PROBLEM STATEMENT. Leave out the pictures and restate exactly, and only, the lines from the one that contains "Blog farid majid" through the final line of the material below.

DATA BLOCK.
━━━━━━━━━━━━━━━━━━━━

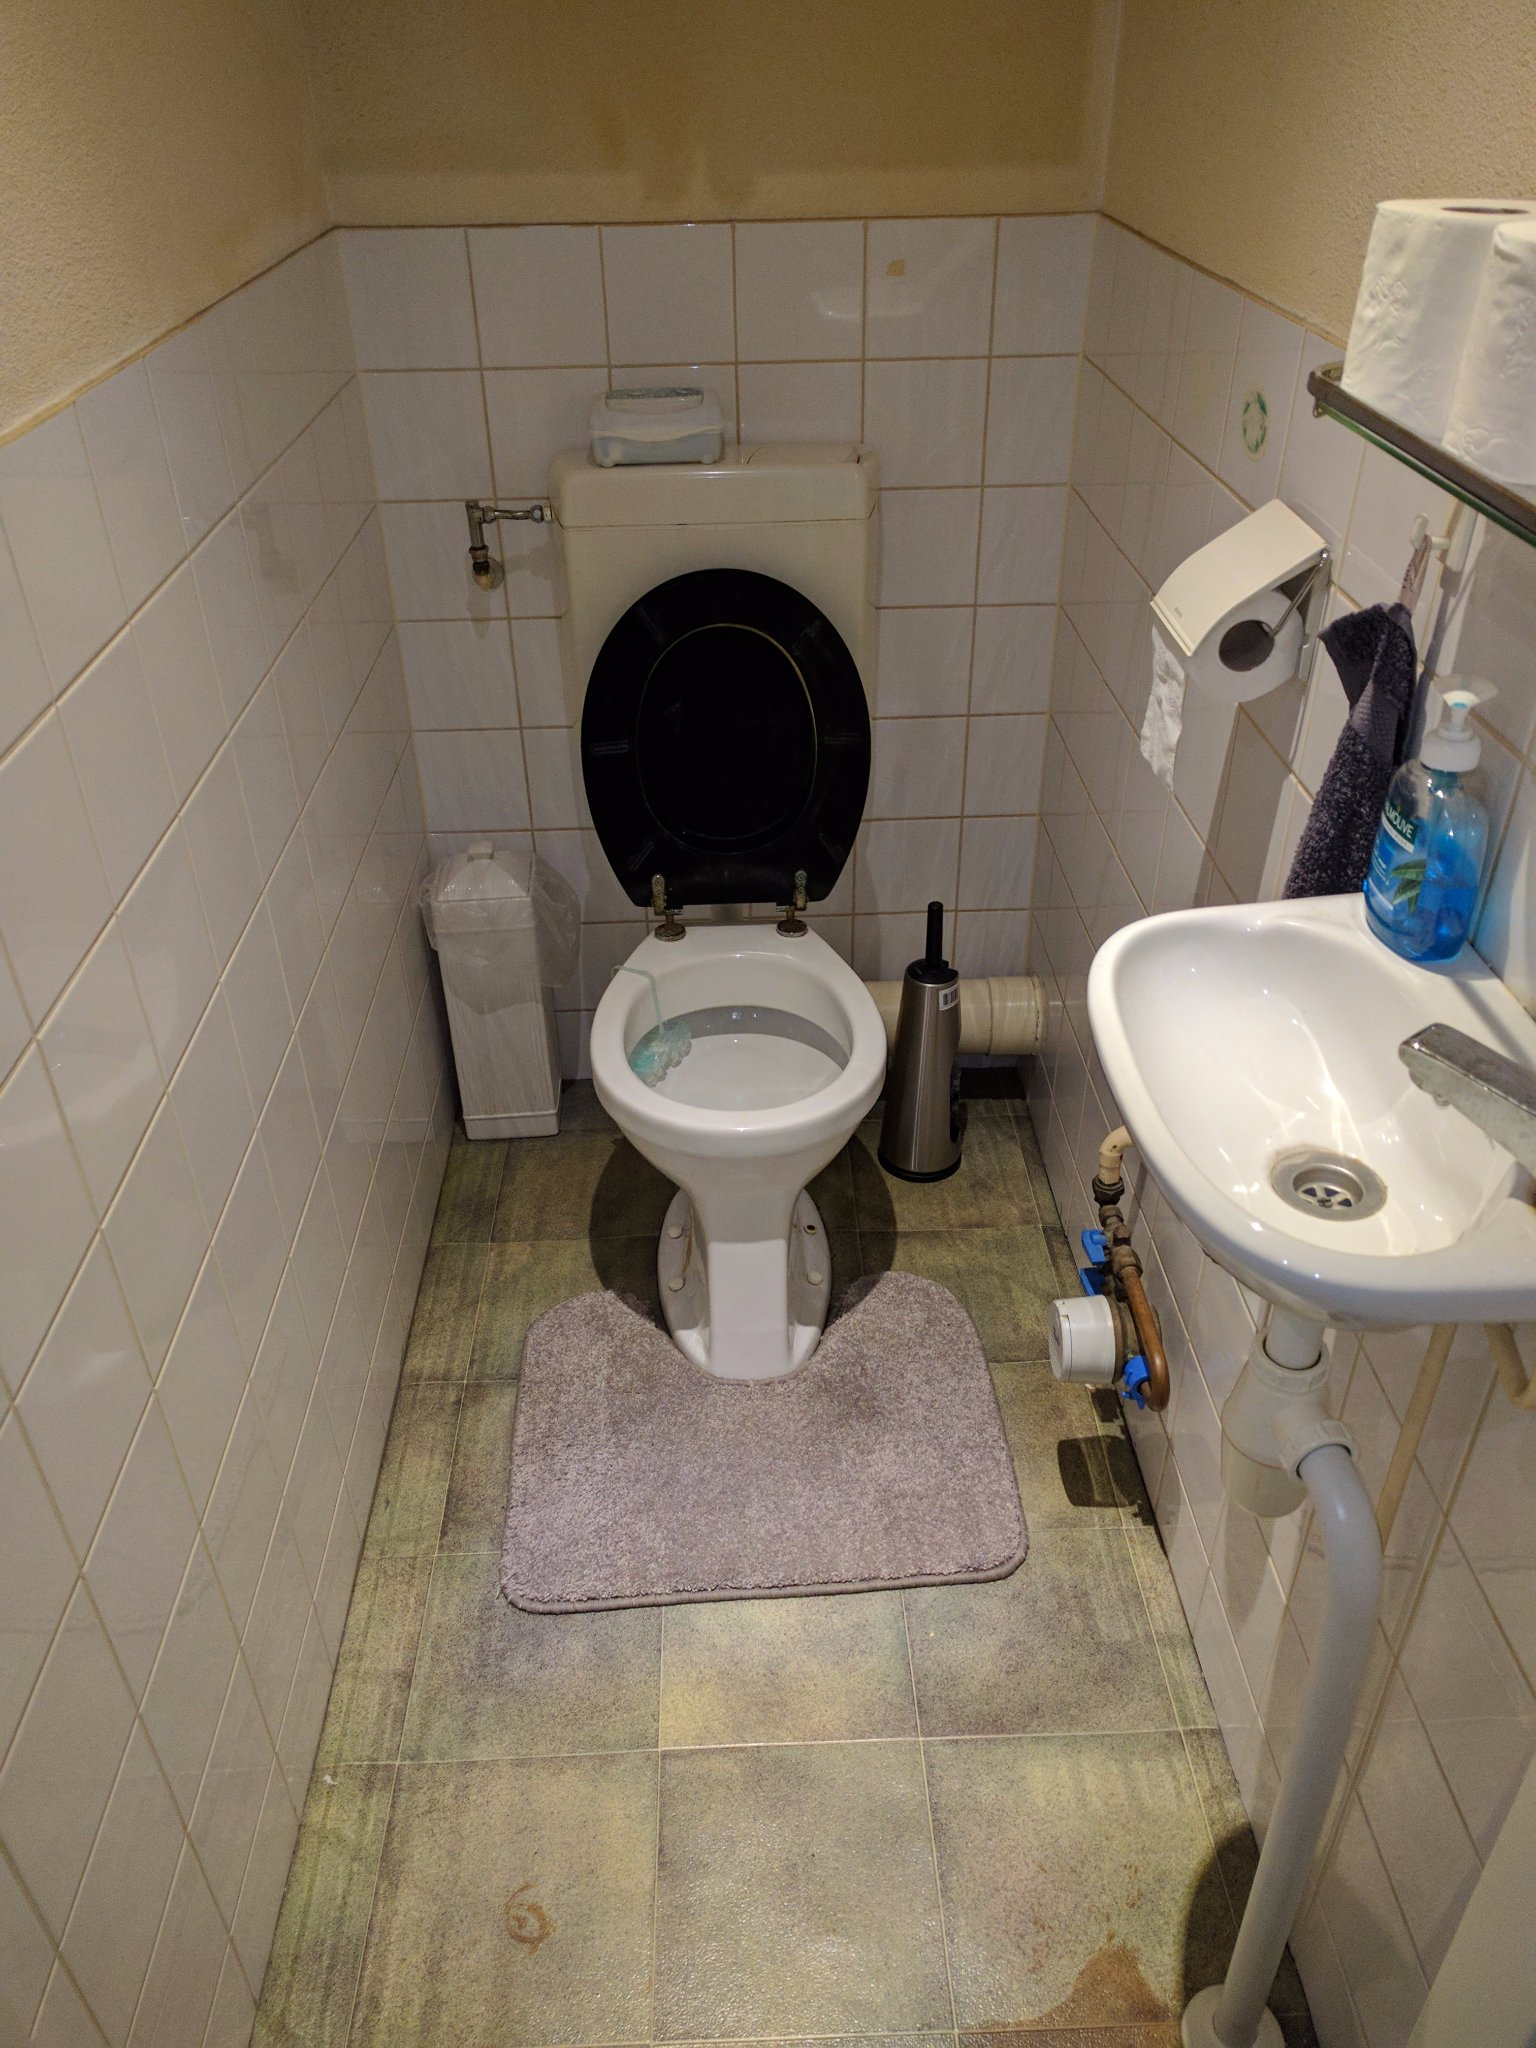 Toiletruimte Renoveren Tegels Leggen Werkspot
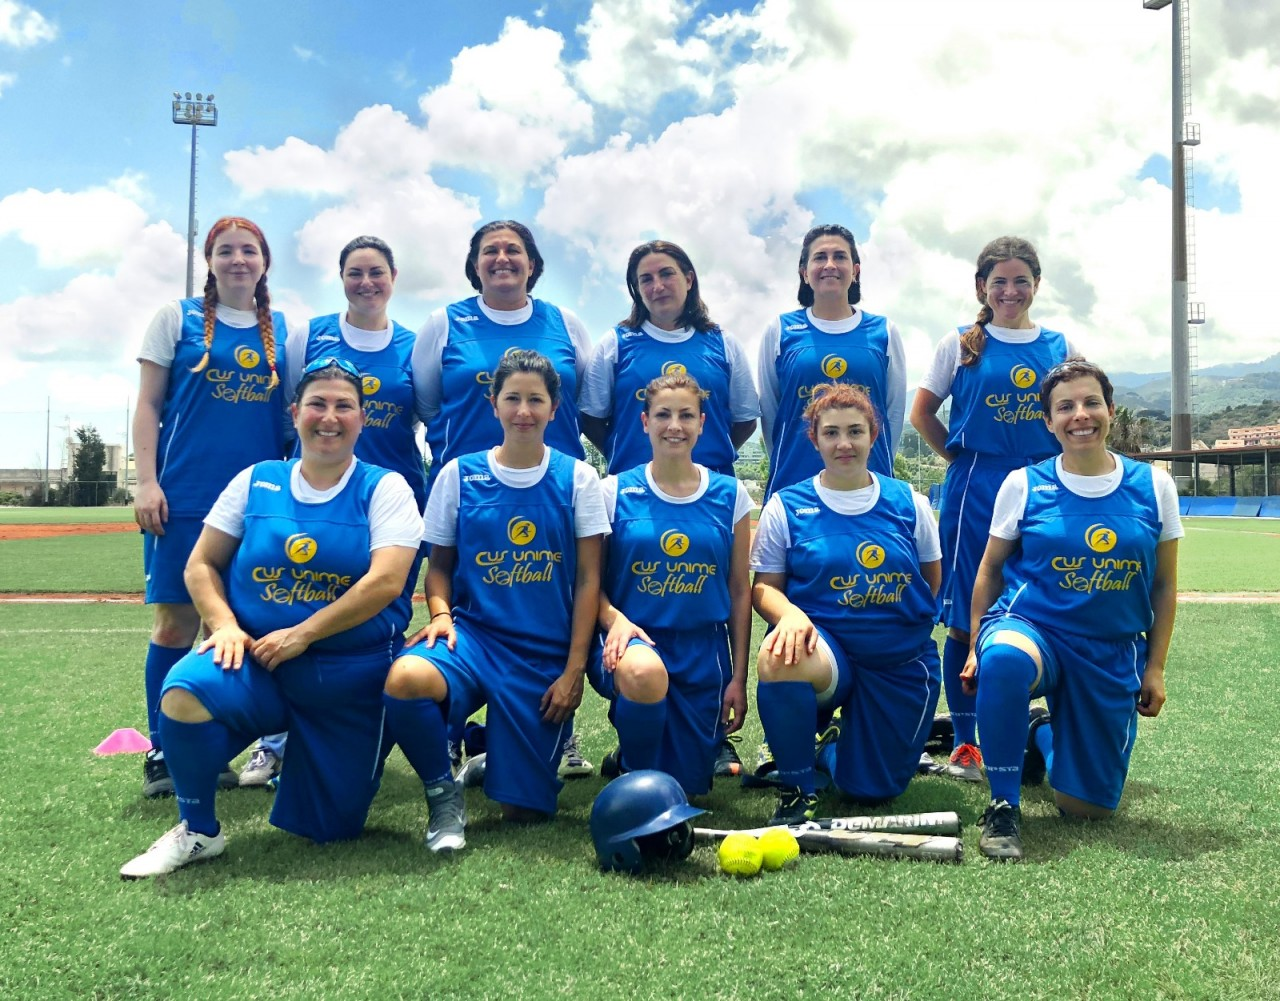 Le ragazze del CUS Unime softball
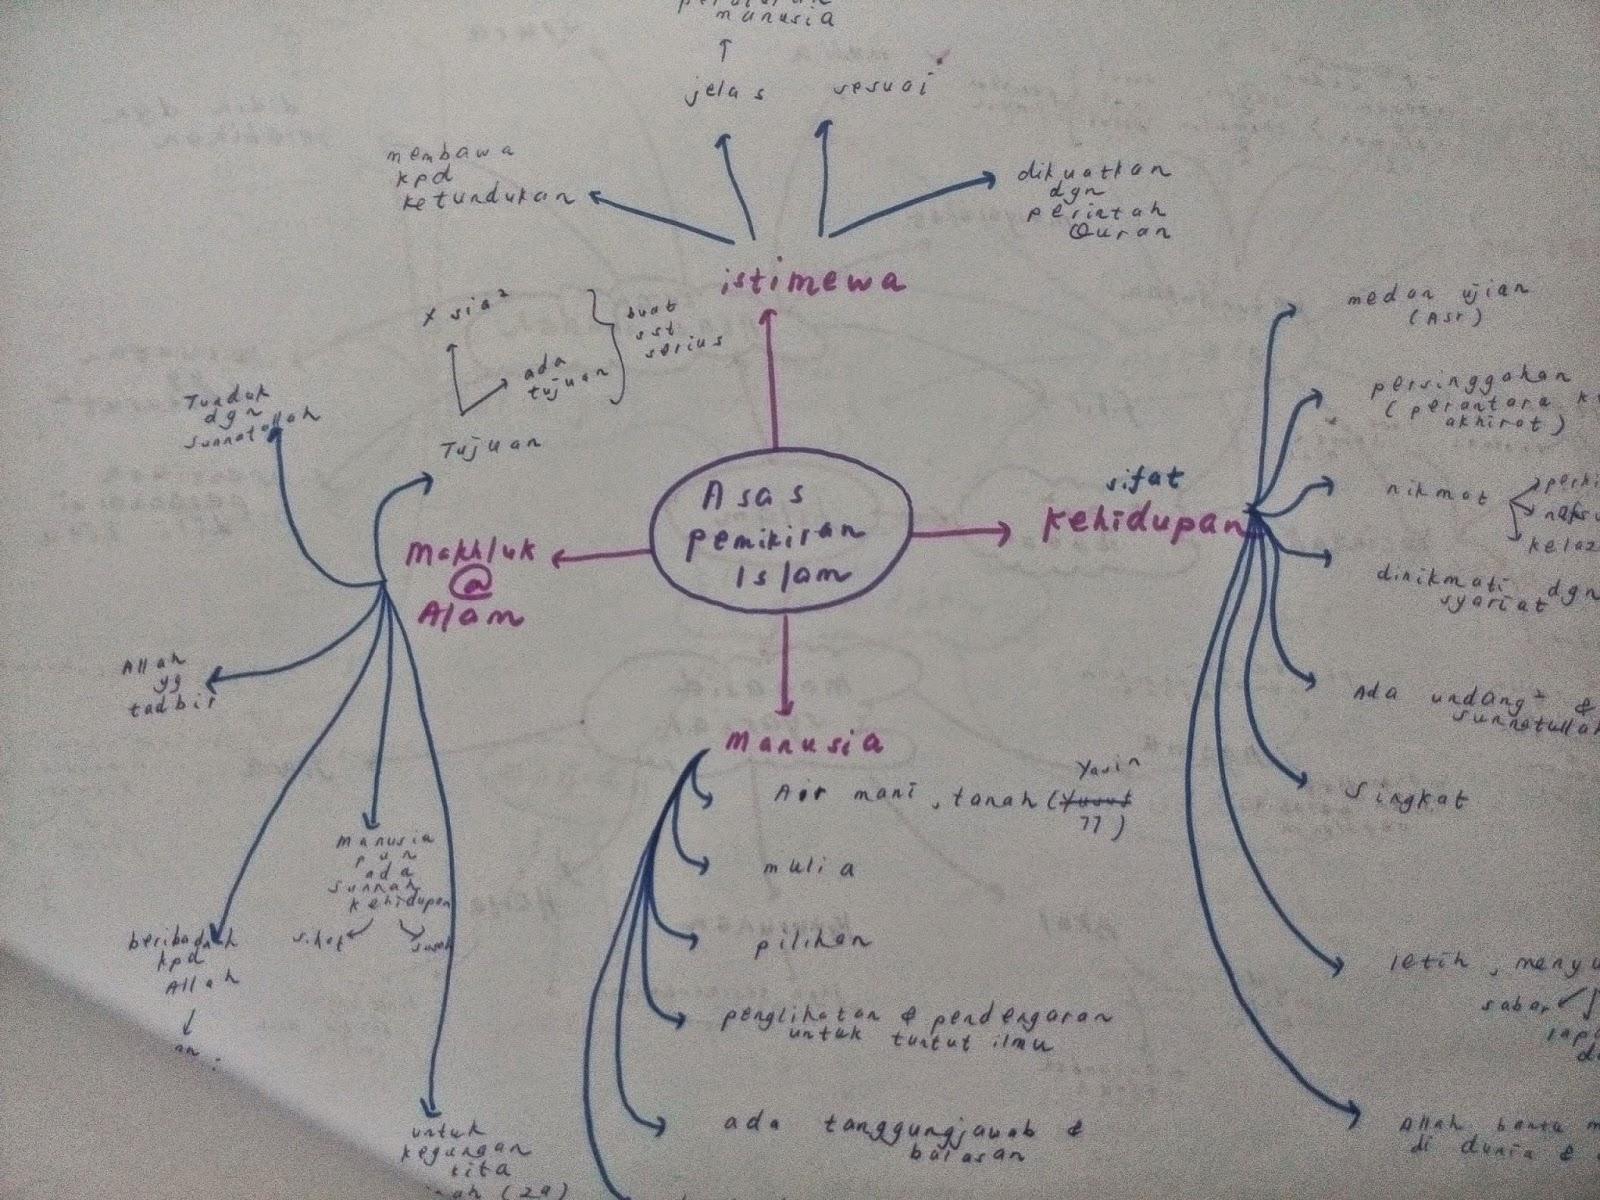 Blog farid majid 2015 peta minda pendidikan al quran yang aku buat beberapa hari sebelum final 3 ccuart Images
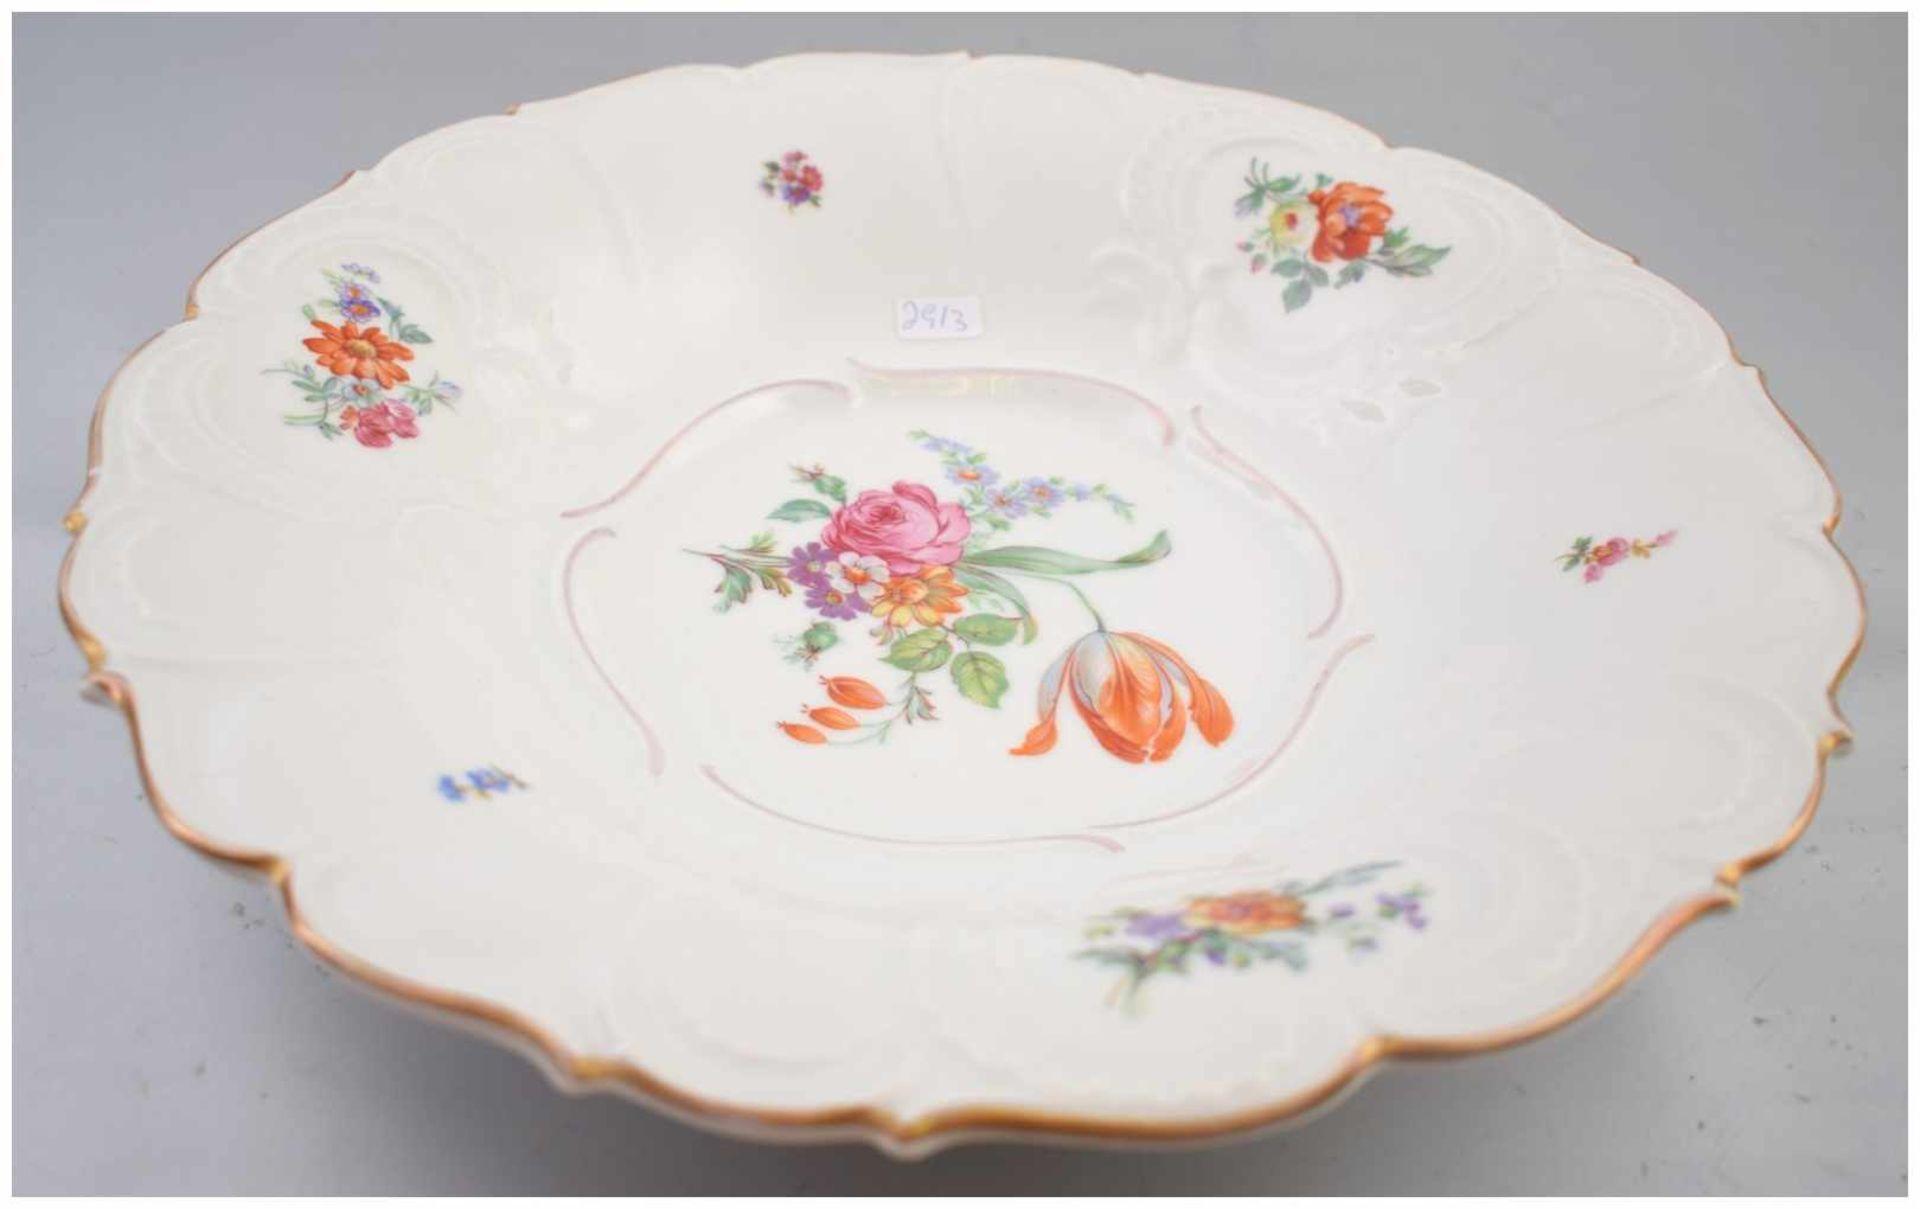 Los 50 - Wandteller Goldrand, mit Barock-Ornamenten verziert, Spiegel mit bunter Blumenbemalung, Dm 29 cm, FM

━━━━━━━━━━━━━━━━━━━━

SOLUTION FOR THIS EXERCISE.
 Blog farid majid 2015 peta minda pendidikan al quran yang aku buat beberapa hari sebelum final 3 ccuart Images
 Los 50 - Wandteller Goldrand, mit Barock-Ornamenten verziert, Spiegel mit bunter Blumenbemalung, Dm 29 cm, FM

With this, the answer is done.